4. BRIEF DESCRIPTION OF THE PREFERRED EMBODIMENTS
[0010] The present invention is illustrated by way of example and
not limitatively in the accompanying figures like reference
numerals indicate similar elements and in which:
[0011] FIG. 1 is a perspective three-dimensional view of one
connector according to the present invention;
[0012] FIG. 2 is a partially cut view of the connector of FIG. 1
showing the connector in a pre-assembled condition with a plug
receptacle;
[0013] FIG. 3 corresponds to FIG. 2 and shows the connector shortly
before it is fully locked with its counter connector together with
an enlarged view of a detail of the connector;
[0014] FIG. 4 is a partially cut three-dimensional view showing the
connector in its fully mated condition together with an enlarged
view of a detail of the connector; FIG. 4' is a partially cut
three-dimensional view showing an alternative solution of this
connector in its fully mated condition together with an enlarged
view of a detail of the connector;
[0015] FIG. 5 shows a lateral cross-section of a connector
according to the invention as it is being inserted into a counter
connector;
[0016] FIG. 6 corresponds to the view of FIG. 5 with the connector
somewhat more inserted into its counter connector;
[0017] FIG. 7 corresponds to FIGS. 5 and 6 showing a pre-locked
condition of the connector; and
[0018] FIG. 8 shows a cross-sectional view of the connector in its
fully locked condition.
5. DESCRIPTION OF THE PREFERRED EMBODIMENTS
[0019] FIG. 1 is a perspective three-dimensional view of a SRS
connector system according to the present invention. It comprises a
sealable squib connector 10 and a counter connector 40. The
connector is provided with a plug-in projection 11, a seal
expansion element 20 and a sealing ring 30. The sealing ring 30 is
may be an O-ring seal. It may be an elastomer made from synthetic
rubber. In one aspect, the connector housing is provided with a
base part for the reception of connector cables and the plug-in
projection extends perpendicular from the base part of the
housing.
[0020] Due to the expansion of the sealing ring it is possible to
establish a reliable sealing when the plug-in projection is
inserted in a mating connector receptacle. In this case the sealing
ring will be dimensioned such that it will be firmly and sealingly
pressed against the inner walls of the mating receptacle.

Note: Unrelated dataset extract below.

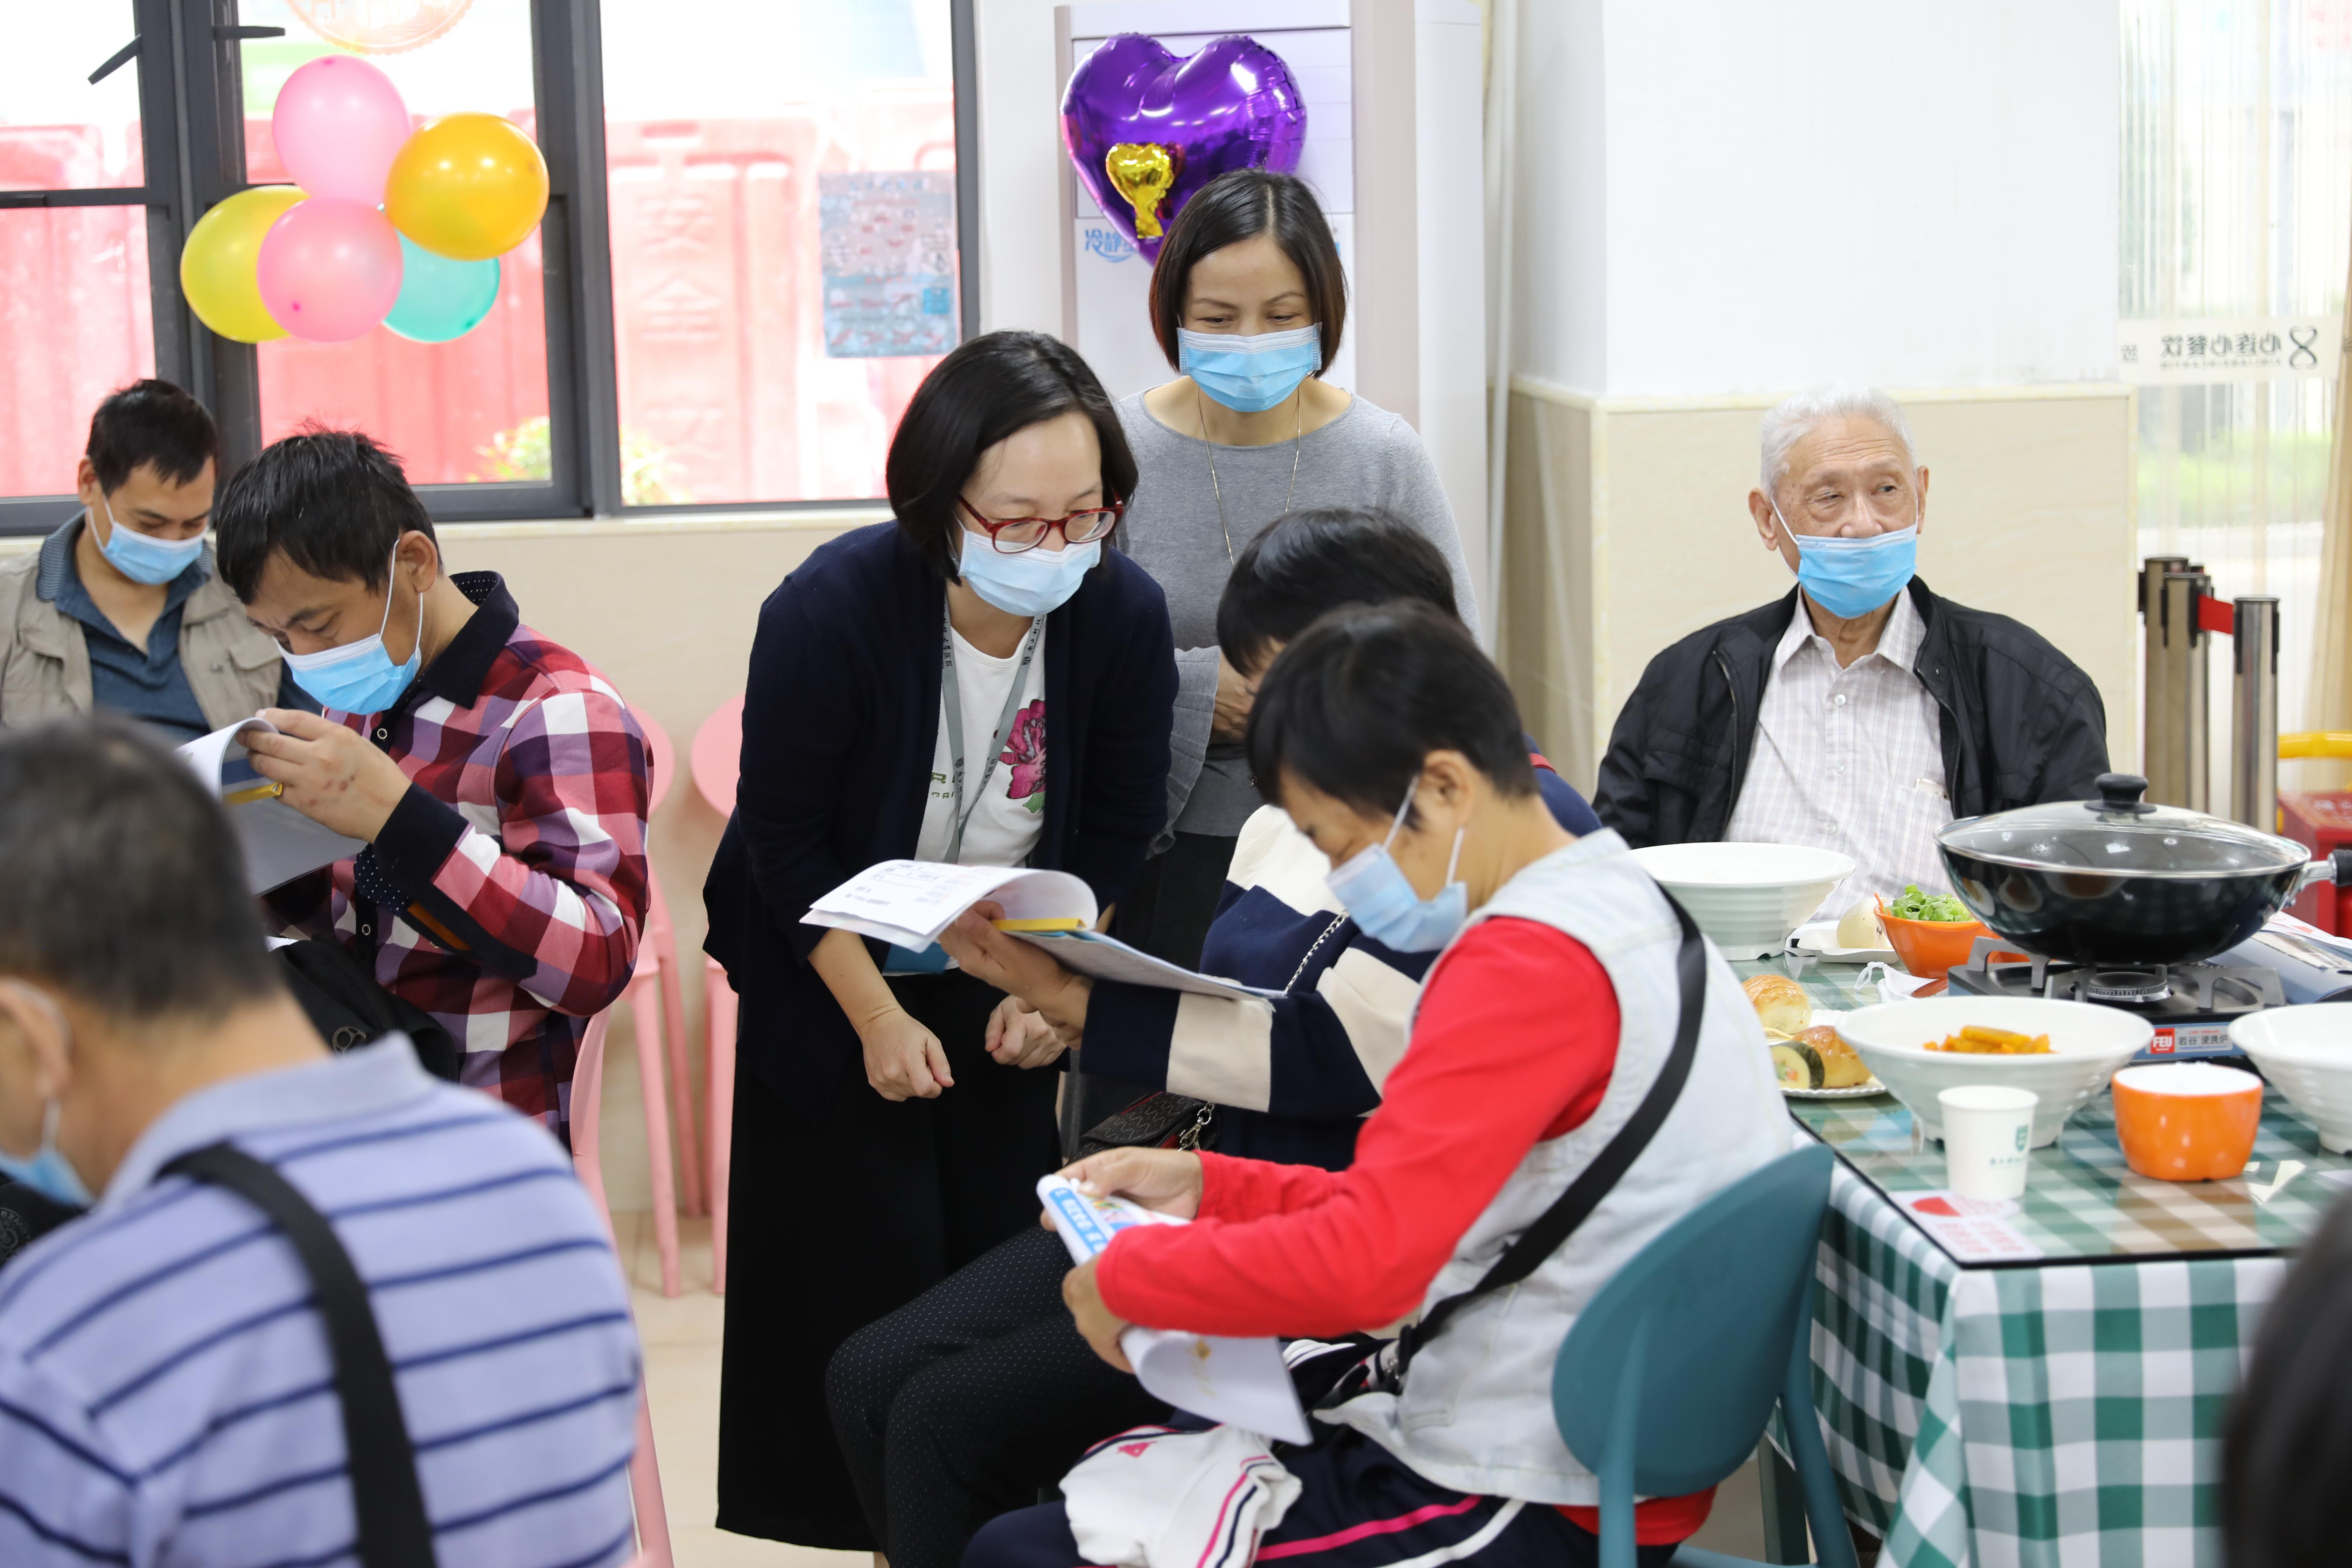 肾病学科大咖共话肾病防治,营养专家手把手教肾友吃出好「肾」活
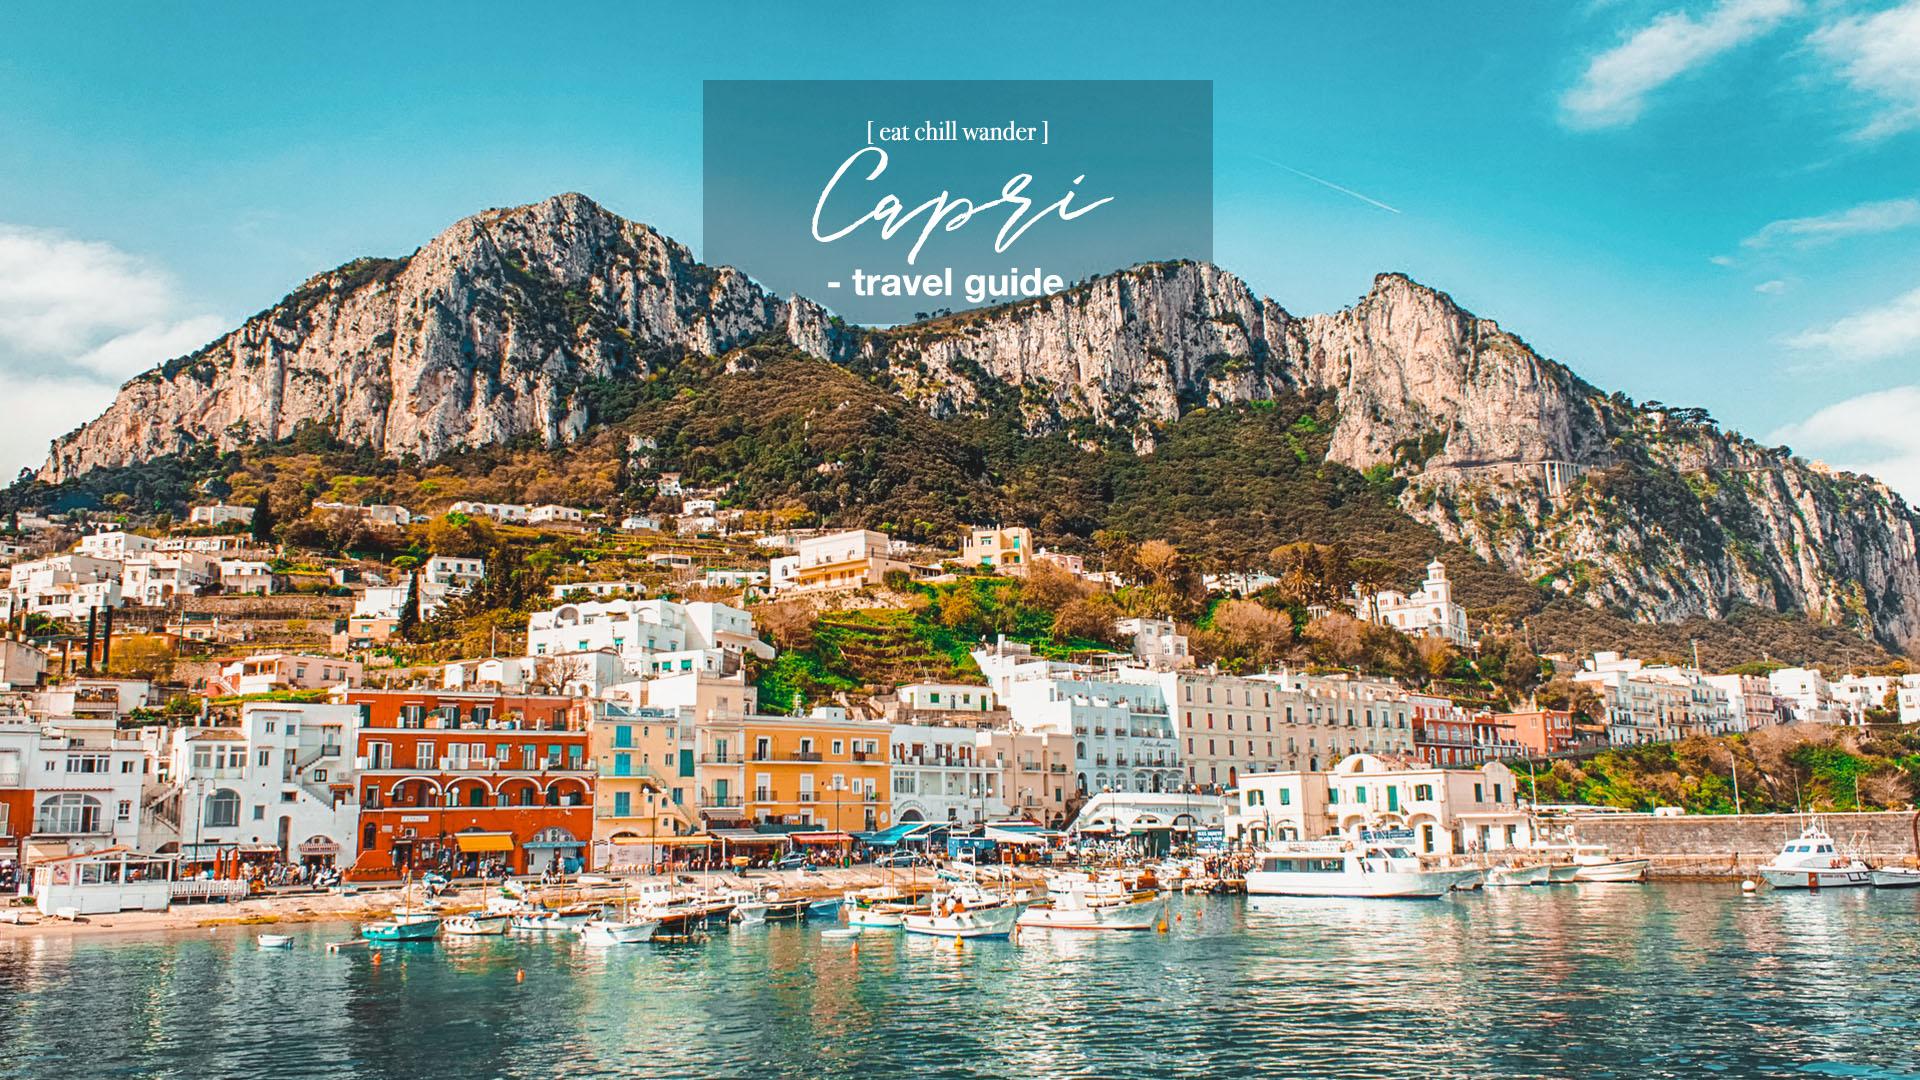 ลุยเดี่ยวเที่ยว Capri เกาะสวรรค์ของเซเลบริตี้ตัวแม่ ใน ...

[0021] As was mentioned above, the sealable squib connector
according to the present invention is preferably part of the
electrical circuitry of an SRS ignition system, for example of a
passenger vehicle. The sealing ring preferably enables a
water-proof connection between the connector and a mated connector
in its expanded condition, when the squib connector is locked with
its counter connector.
[0022] The plug-in projection 11 can be inserted into the counter
connector 40, which is shown in the figures in a form of a squib
receptacle 40. In the embodiment shown, the connector 10 is further
provided with a base part 13 for the reception of connector cables
14. The base part 13 has a generally rectangular shape and the
plug-in projection 11 extends perpendicular from the same. Further,
the plug-in projection 11 is provided with latching arms 12 on
opposite sides thereof to provide for a mechanical fastening of the
connector 10 with the receptacle 40.
[0023] FIG. 2 shows the connector of FIG. 1 in a partially cut
view. As can be seen from the figure, the receptacle 40 is provided
with two contact pins 41 and the plug-in projection of connector 10
is provided with two corresponding contact sleeves 19, to establish
an electrical connection between connector 10 and pins 41. Further,
the receptacle 40 is provided with a latching groove 42 which may
act together with the latching arms 12 of the plug-in projection to
mechanically couple connector 10 and counter connector. Further, it
can be seen from FIG. 2 that the expansion element 20 is provided
with openings 21 through which the contact pins 41 can pass. The
plug-in projection 11 is provided with a mating face 16 at its
distal end. The mating face 16 is generally perpendicular to the
mating direction. Further, it is provided with an opening 15 for
the insertion of the contact pins 41 and with openings 17 (see FIG.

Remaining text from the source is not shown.